Proposition 19 : Émettre un euro numérique de détail, à destination de tous les particuliers et de toutes les entreprises, dont certains pré-requis auront fait l’objet, au préalable, d’une réflexion approfondie :

(i) Accessible partout et par tous, que l’on soit connecté au réseau centralisé ou non, que l’on soit équipé de matériel informatique ou non ;

(ii) Confidentiel s’agissant des données personnelles des citoyens, avec la possibilité d’identifier les personnes et les transactions dans le cadre de la lutte contre le blanchiment et le financement du terrorisme, sous le contrôle d’une autorité administrative indépendante et d’une autorité judiciaire ;

(iii) Dont la structure repose sur les acteurs bancaires traditionnels afin que ces derniers puissent diffuser l’euro numérique à travers les différentes couches de la population et sans que cela ne crée un risque systémique pour la stabilité financière ;

(iv) Dont la structure permet de faire face aux risques de dysfonctionnements et d’attaques sur les smart-contracts chargés de collecter l’impôt – les services de l’État doivent monter en compétence d’un point de vue technique sur les possibilités offertes par la blockchain ; (v) Dont la structure permet de développer des applications innovantes relatives à la collecte de l’impôt et à la politique monétaire (monnaie hélicoptère).

Finance décentralisée

Proposition 20 : Modifier la réglementation applicable, actuelle et à venir, aux protocoles de finance décentralisée afin de développer un régime de « bac à sable », sous la supervision des autorités de régulation compétentes.

Proposition 21 : Organiser une comitologie publique à l’échelle européenne regroupant les acteurs de l’écosystème, les acteurs bancaires et financiers, les régulateurs et les autorités politiques afin de définir les lignes directrices d’une réglementation efficace et protectrice des utilisateurs, applicable aux entités de la finance décentralisée.
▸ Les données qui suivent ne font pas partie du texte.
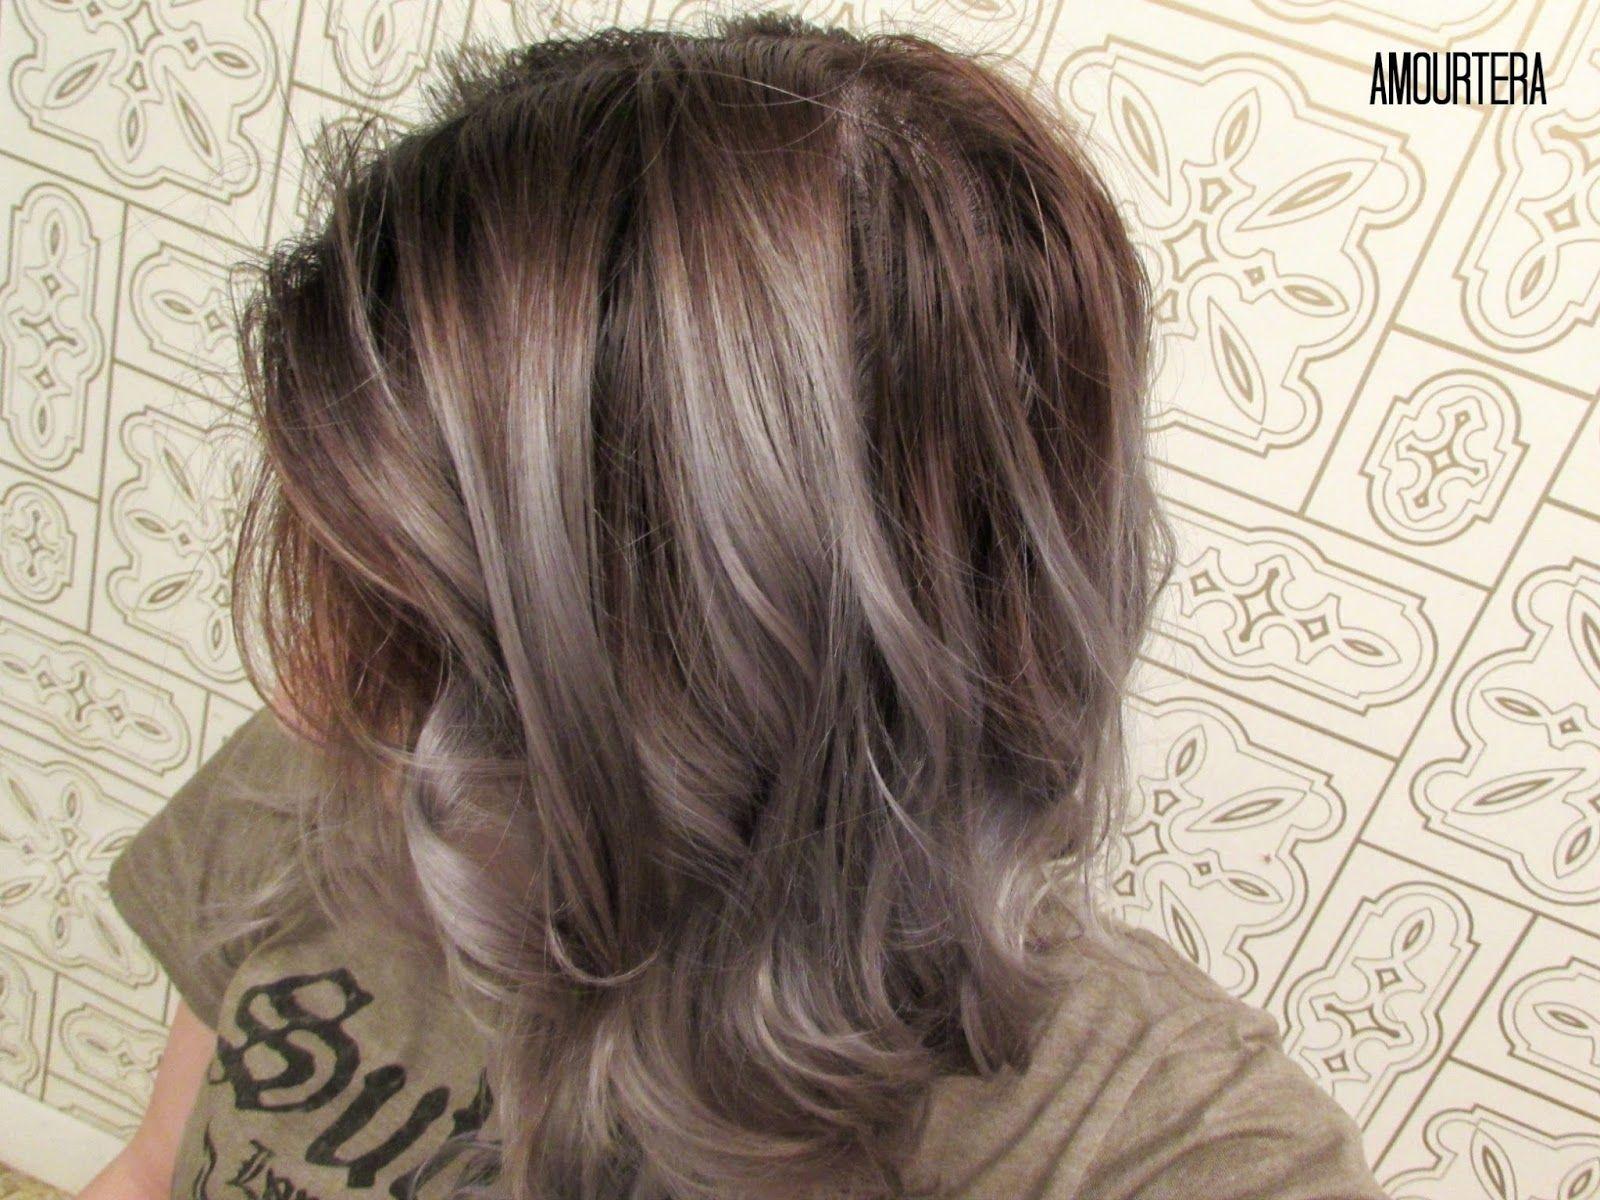 HOW TO GET SILVER/GRAY HAIR AT HOME | Silver grey hair, Gray hair ...

Proposition 22 : (i) Permettre aux DAO d’obtenir la personnalité juridique afin de reconnaitre leur existence juridique et leurs donner le pouvoir de nouer des relations contractuelles à l’instar d’autres personnes morales ; (ii) Développer un cadre réglementaire afin prendre en compte leur gouvernance, d’assurer leur stabilité financière notamment afin de protéger leurs membres et de garantir leur sécurité informatique.

L’Assemblée nationale à l’heure des crypto-actifs et de la DeFi

A travers son rapport, qui est le fruit de plusieurs années de constatations et de réflexions personnelles relatives à l’écosystème des crypto-technologies, le député Pierre Person propose une synthèse sérieuse et complète, met les choses à plat, fait litière des poncifs et caricatures, souligne les enjeux et bénéfices de cet écosystème encore adolescent, et fait un pari sur l’avenir. En cela, il n’est pas que le testament parlementaire d’un des principaux défenseurs de l’écosystème. Il est une véritable profession de foi, au sens noble du terme, qui transcendera le changement de législature à venir. Et qui donne tout son sens au mot politique.